Jul 28, 2016

Does Not Rhyme With Fare: Kreuzig


Train season is upon us -- that glorious time of year when Parisians leave Paris in droves -- some of them on crowded roads, the lucky ones on trains. Time in trains means time in stations, which I feel compelled to tell (correct) you are not "gares" (rhymes with "fare"). They are "gares" (rhymes with "bar"). If you rhyme it with "fare" it sounds like you are saying "guerre" (meaning "war"). Nothing is more grating to a French person's ear than "Gayre" de Lyon.

All of these beauties were designed, built, and inaugurated in the 1830 and 1840s -- the first, Gare St. Lazare, in 1837, and the last, Gare de L'est, in 1849.

The Gare de Lyon was inaugurated in 1847, and renovated since, of course.


And the "Gayre" du Nord, inaugurated in 1846:

The "Gayre" d'Austerlitz, inaugurated in 1840:

The "Gayre" d'Orsay is a particular beauty, since it's been converted to almost inarguably (though if the current election season proves anything, it's that people can argue about some pretty ridiculous and seemingly objective things...) the foremost Impressionist Museum in the world. This is also the most recent, and least-used of the gares. It was built to bring people to the World Expo of 1900, and only operated till 1939. Though the timing looks suspect, it wasn't even the war that did in its usefulness, it was the fact that it had been built for shorter trains and by 1939 was mostly obsolete. It was used during and after the war -- first as a depot for sorting of materials in 1940 and after 1945 to receive French soldiers coming back from prisons in Germany. It was used as a suburban train hub for a little while then finally decided in 1977 to use the space for the museum, which opened in 1986. The Gare d'Orsay is said to have been the inspiration for the design of Penn Station in NYC (that is to say the original Penn Station, demolished in 1964, not the current one, as pointed out to me by a sharp-eyed reader living in NYC). 

I've talked about the price, efficiency, and comfort of the trains themselves, but I think the stations are also worth noting. I mean, they were good enough for Monet and Renoir and the other impressionist painters. They're good enough for modern painters, too. There's just something more romantic about a train station than an airport lounge. One of Monet's Gare St. Lazare paintings hangs, ironically, in the former Gare d'Orsay.
painting image from: http://www.allposters.fr/-sp/La-gare-Saint-Lazare-1877-Affiches_i1737332_.htm

A lovely woman named Michelle who heard my radio interview writes to tell me she wants to bring me a Kreuzig, a cheese from a tiny market in her tiny town at the western edge of Bretagne. I meet her in Gare Montparnasse (inaugurated 1840), where the trains come in from Normandy and Brittany: No coincidence that the surrounding area is filled with creperies.
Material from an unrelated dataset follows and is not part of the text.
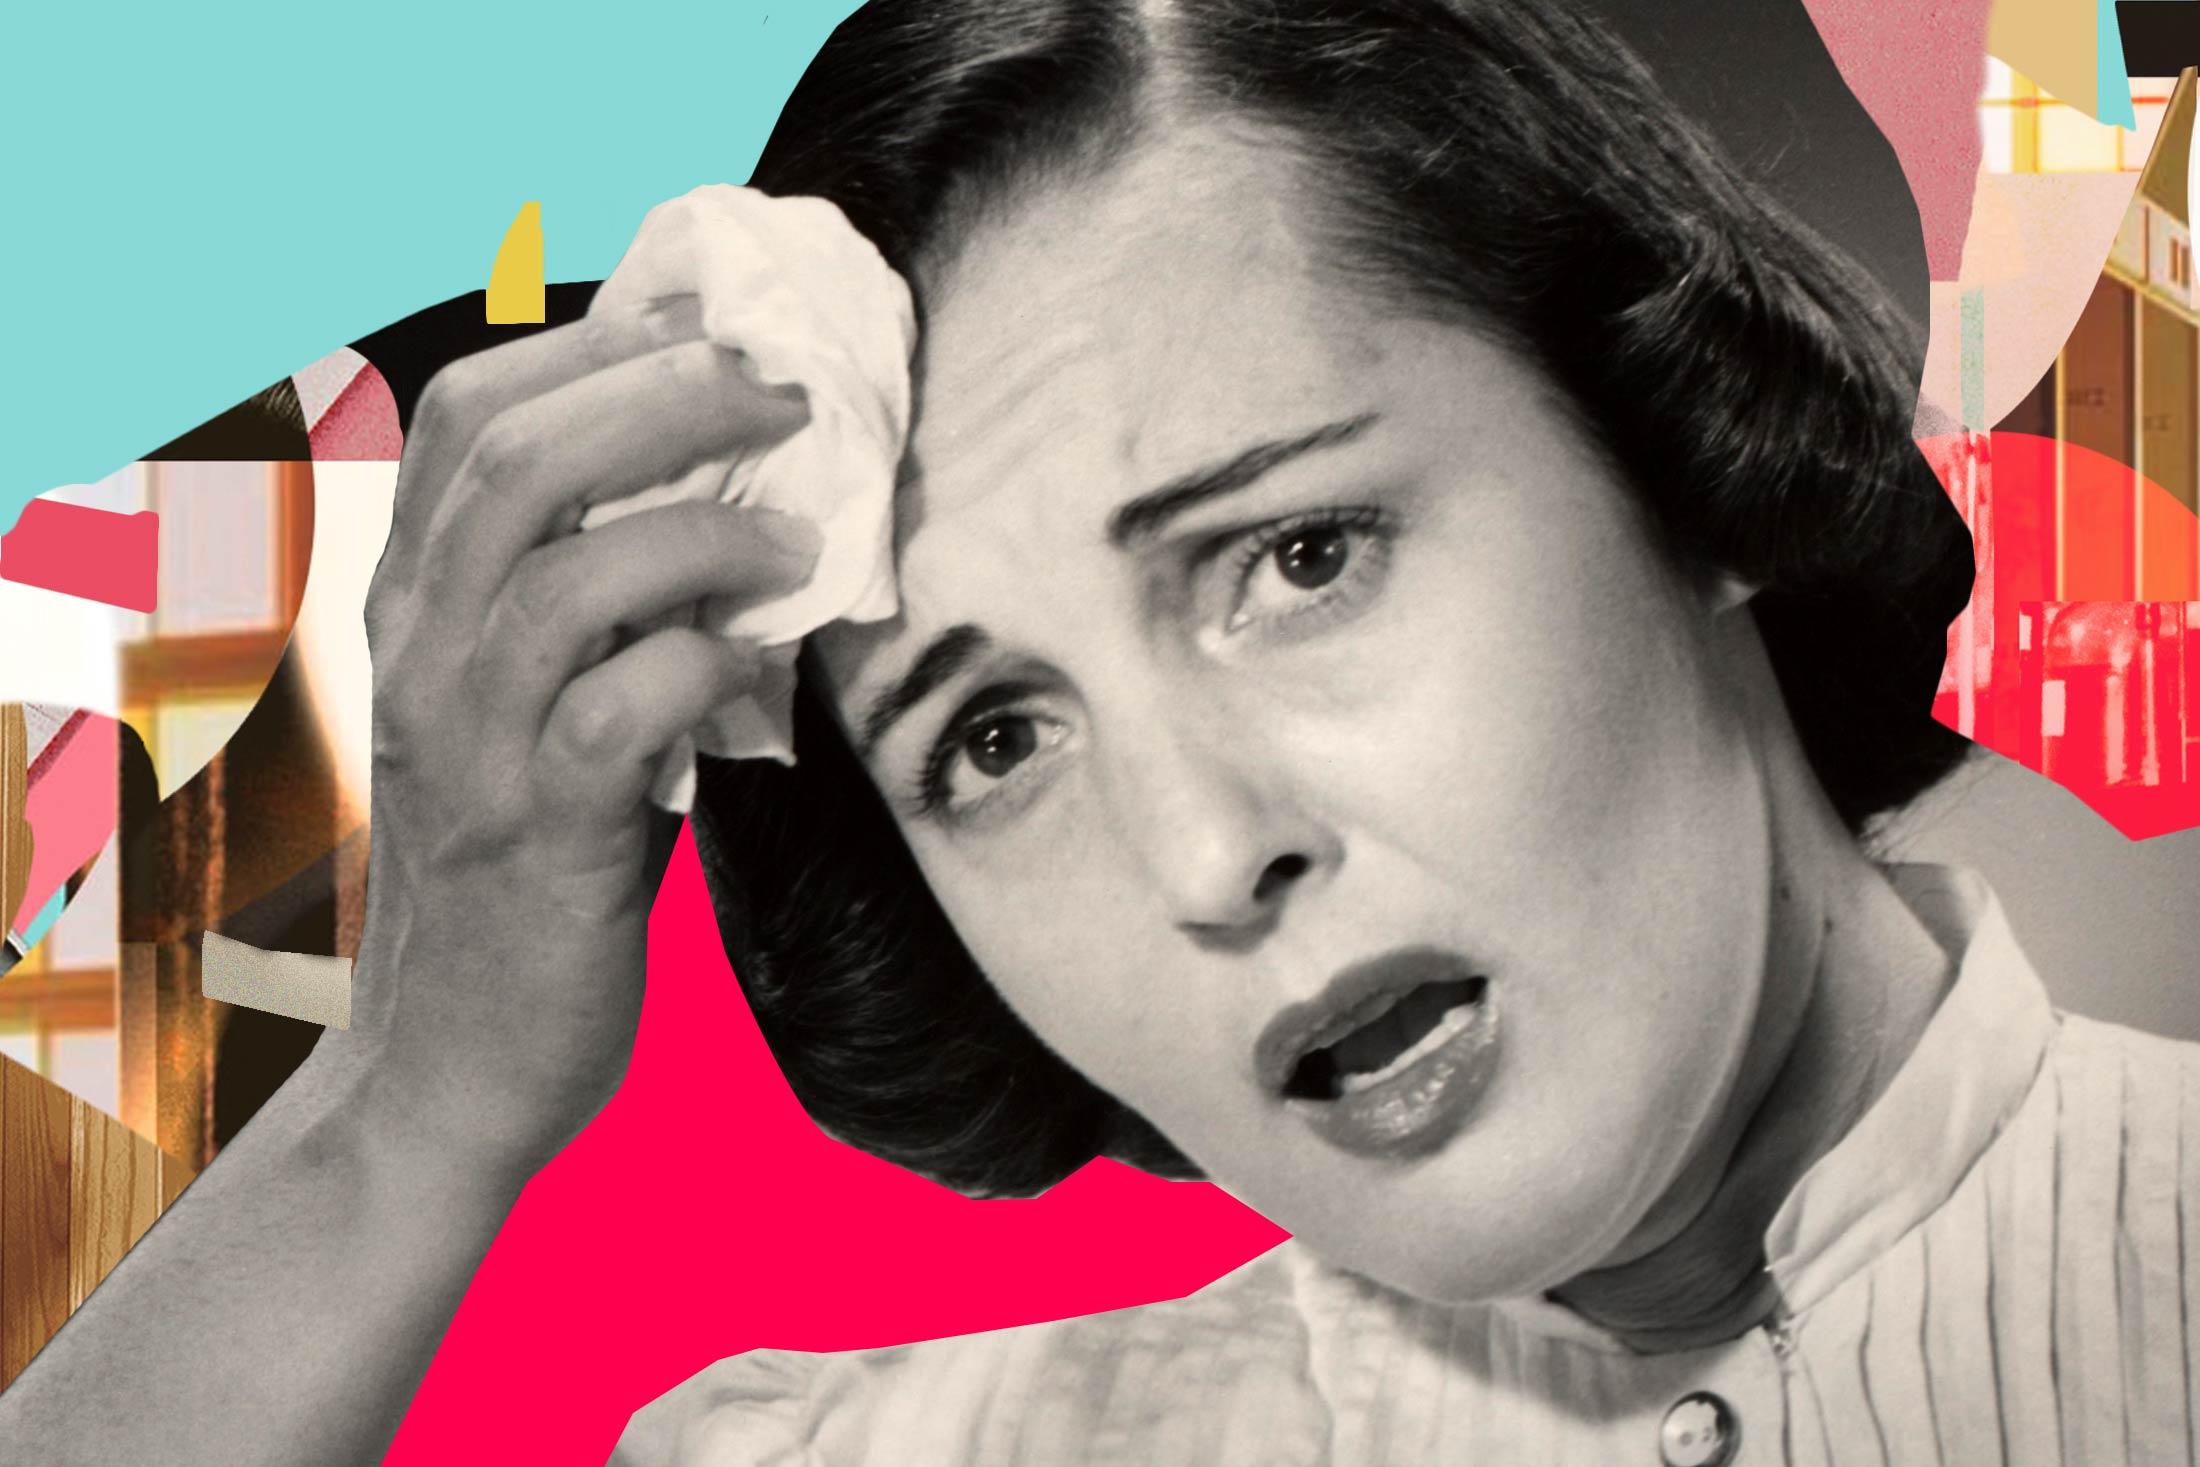 Worried woman wiping brow.

Michelle has seen my photo on my website, and thank goodness, because I am just standing there, waiting at the end of the platform of the incoming train for a stranger to deliver me cheese. It seems subversive and secretive, and I feel like I should be wearing a trench coat and fighting for the cause in World War II (but in this case, the cause is the pursuit of cheese).

Even when I'm not receiving clandestine cheeses, the train stations appeal to me. There's usually good food to buy for train picnics -- both of the French pastry variety and sometimes even healthy/foreign -- and the occasional piano waiting to be played by passers-by.

The big stations in Paris -- Montparnasse, Gare de Lyon, Gare du Nord, Gare de l'Est, Gare St-Lazare, and Gare d'Austerlitz are all, conveniently, a simple walk, bus, or metro ride away from my apartment (both old and new), and it's generally a breeze to get there on time, with just a little -- but not too much -- to spare. So much more civilized than having to show up 2-3 hours early for a flight.


Kreuzig is a farmhouse, cheese made in Bretagne by one farmer from raw cows' milk. More specifically, it's made from the milk of the Pied Noir breed of cows, which is an unusual, small, local breed which produces less milk than other breeds, but creamier milk than other breeds. This makes for a tangy, rich, unctuous, velvety semi-hard cheese.

Here's the cheese, sitting on the part of the map from whence it hails. It's got a sweet-sour taste to it and is a little odiferous without being outright smelly.

It's a very unusual cheese, normally found only in the farmers' market in the local area, unless you also know somebody willing to bring you a hunk direct to Paris.


While I've eaten the occasional slice of cheese in a sandwich bought at a train station, Kreuzig is the only slab of cheese I have actually procured at a train station -- wrapped in tin foil, direct from the market, delivered by a wonderful mystery woman named Michelle, fresh off the train.


  1. Wonderful post! I can't get enough history. I want to try that cheese, it sounds tasty.